39.      While the primary mandate of the African Committee is to interpret and monitor the implementation of the African Children’s Charter, there are a number of other instruments that Uganda is a State Party to that are directly relevant to the Communication at hand [The sentence is not coherent (there is no link between the first limb and the second limb of the sentence). It might be putted as; In addition to the African’s Children Charter, Uganda is Party to other instruments that are directly relevant to the Communication at hand. These include the Convention on the Rights of the Child (CRC) and its Optional Protocol to the CRC on the Involvement of Children in Armed Conflict (OPAC, 2000),[7] the four Geneva Conventions (1949), the 1977 Additional Protocols to the Geneva Conventions,[8] the ILO Convention No. 182 on the Worst Forms of Child Labour (1999),[9] and the Statute of the International Criminal Court (1998).[10] In support of the potential relevance of other instruments, Article 1(2) of the Charter provides that “[n]othing in this Charter shall affect any provisions that are more conductive to the realization of the rights and welfare of the child contained in the law of a State Party or in any other international Convention or agreement in force in that State”.

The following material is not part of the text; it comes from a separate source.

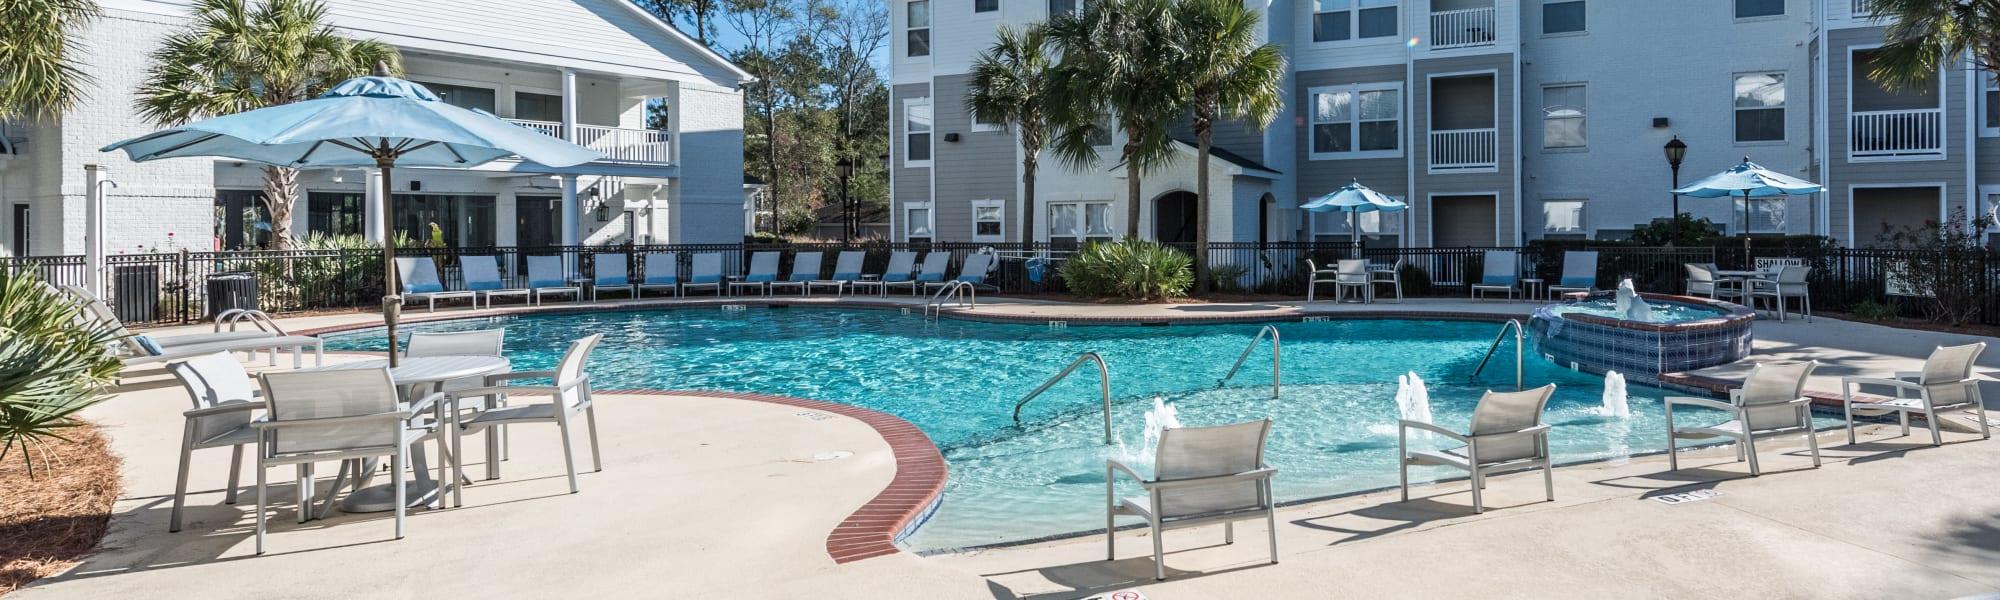 Residents of Ingleside Apartments in North Charleston, South Carolina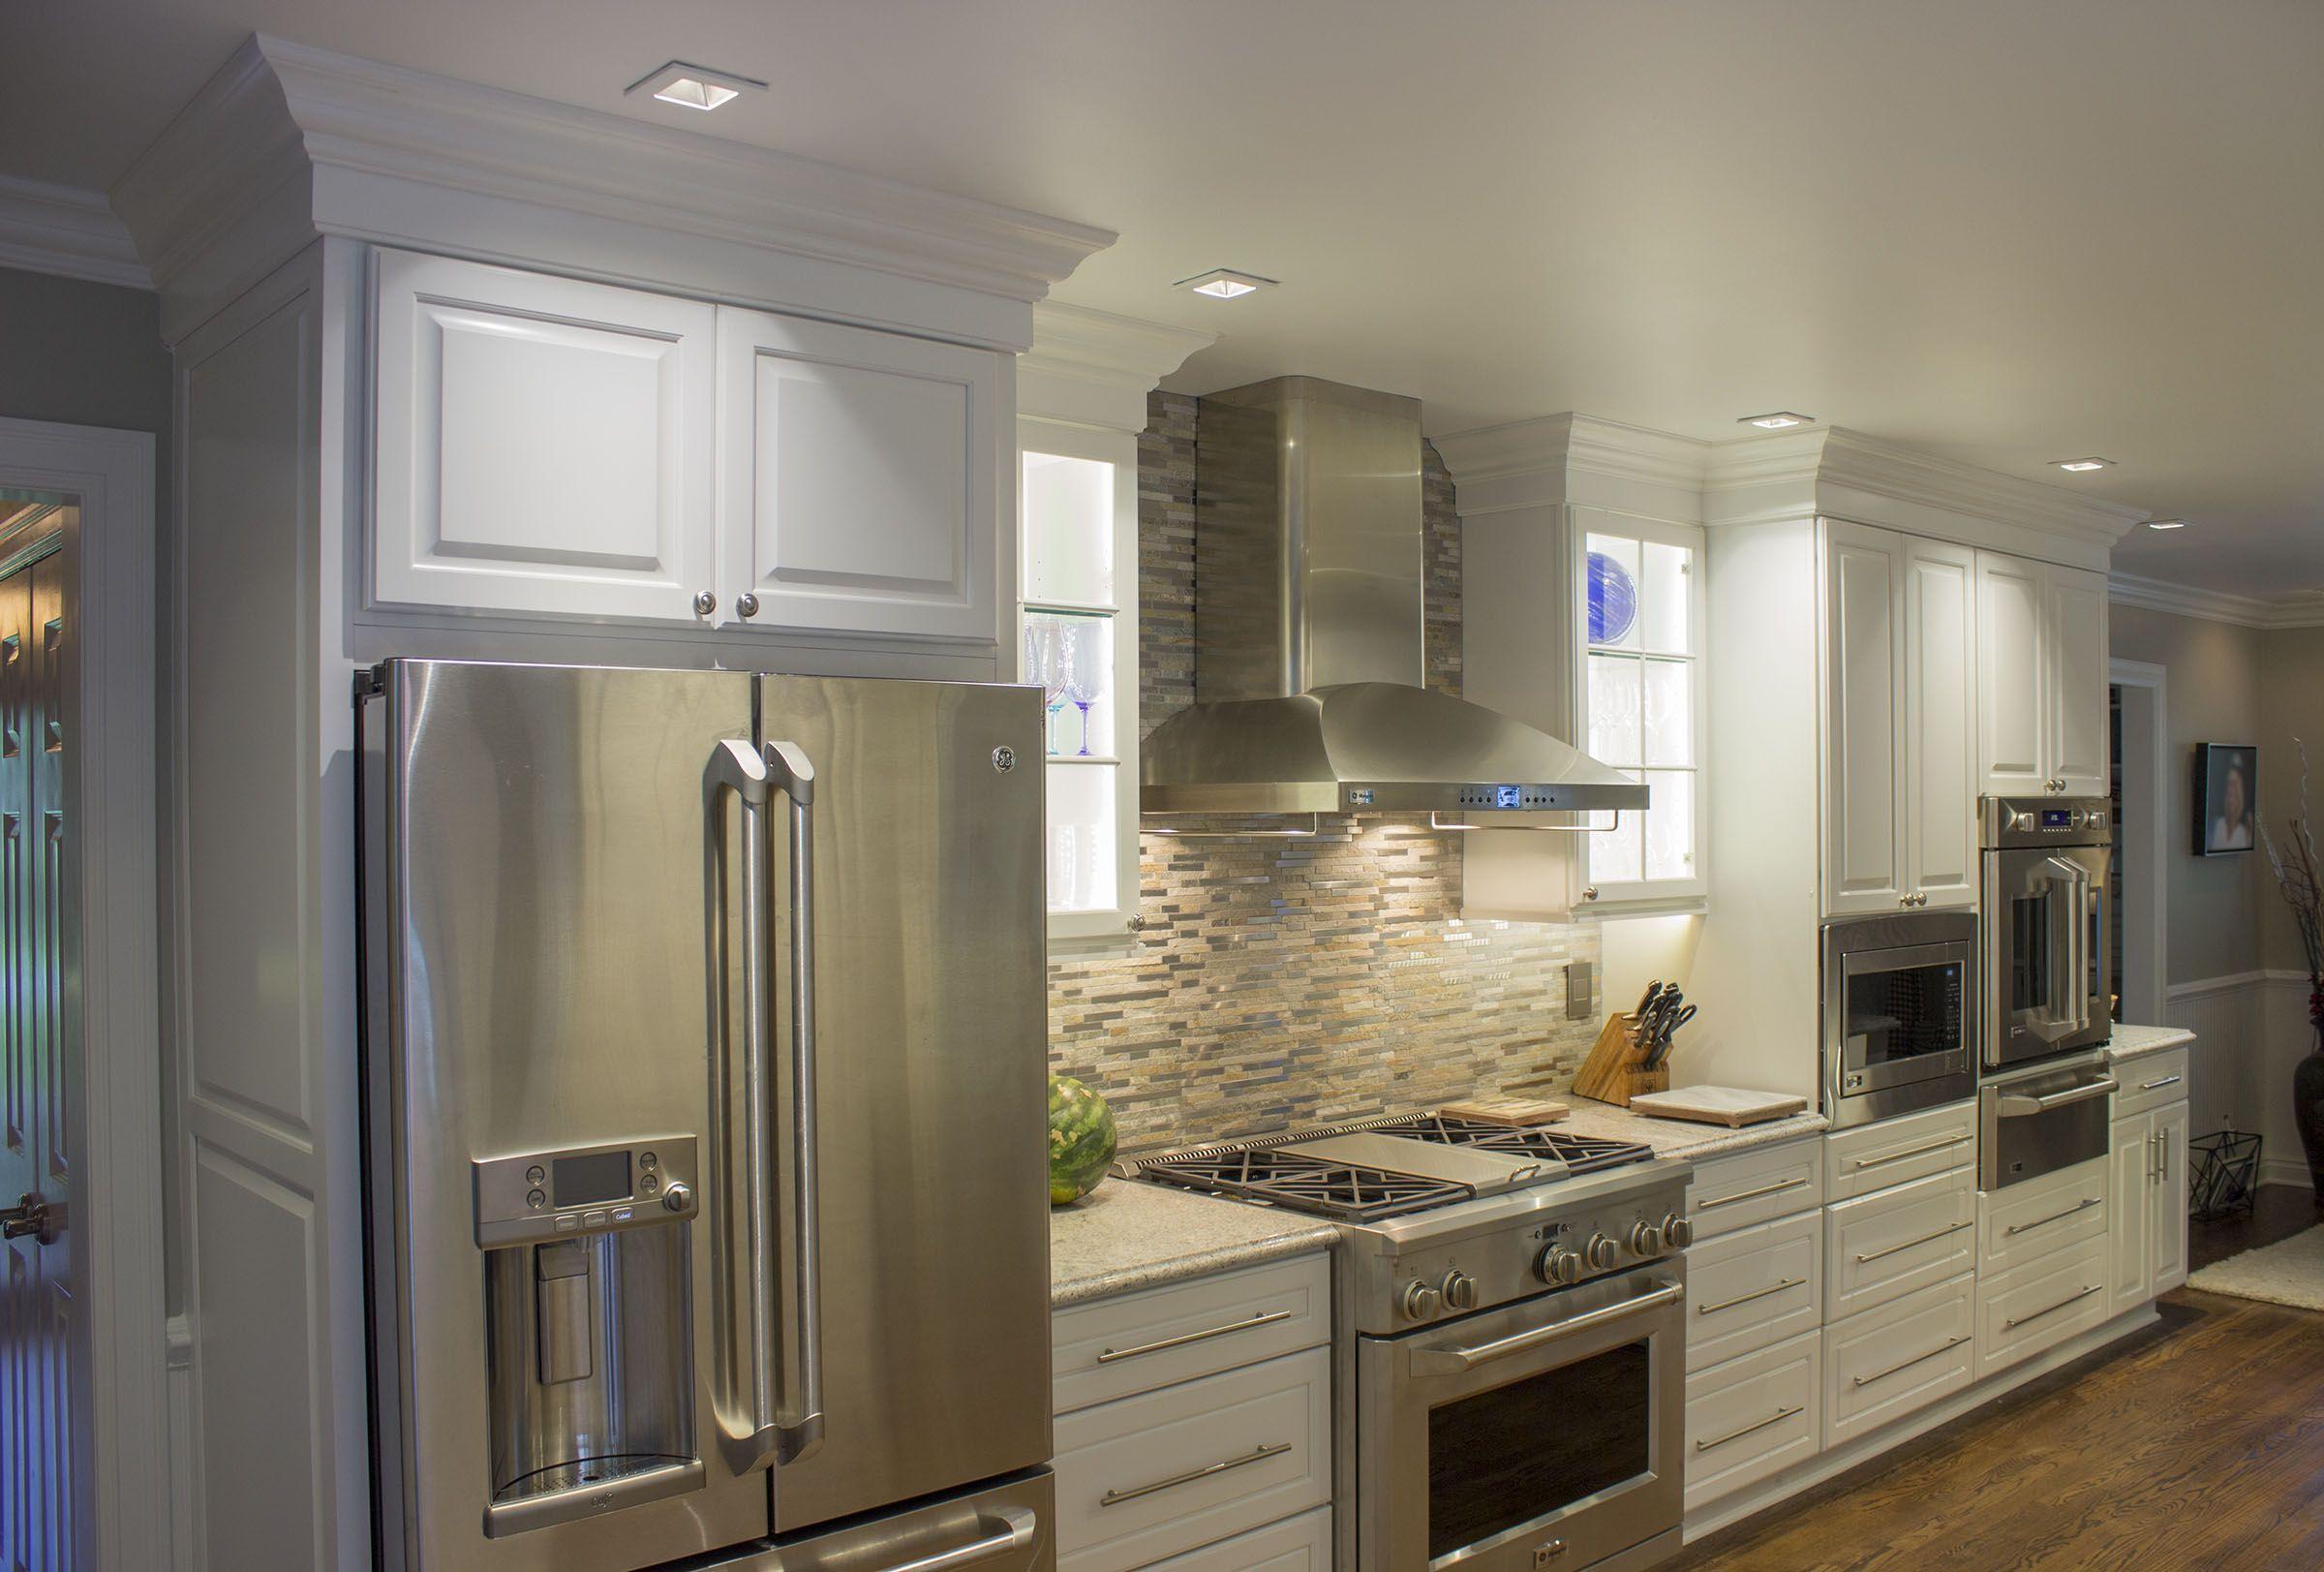 Photo Courtesy Of Dave Mccoll Ksi Designer Dura Supreme Crestwood Arcadia Classic Maple With White Paint Finish Kitchen Kitchen Cabinets Home Decor

Alleged violation of Article 22(2) (children recruitment and use in armed conflict

40.      The African Charter on the Rights and Welfare of the Child is the first regional treaty to establish 18 as the minimum age for all [compulsory] military recruitment and participation in hostilities. The Charter, in Article 2, defines a child as “every human being below the age of 18 years”. In Article 22(2), States Parties are obliged to “...take all necessary measures to ensure that no child shall take a direct part in hostilities and refrain in particular, from recruiting any child”.

41.      Emerging international jurisprudence and practice points that “direct part in hostilities” should cover both direct participation in combat and also active participation in military activities linked to combat such as scouting, spying, sabotage and the use of children as decoys, couriers or at military checkpoints.[11]The implication of this is that a wider definition is being offered for the notion “child soldier” than one who has a combatant status only.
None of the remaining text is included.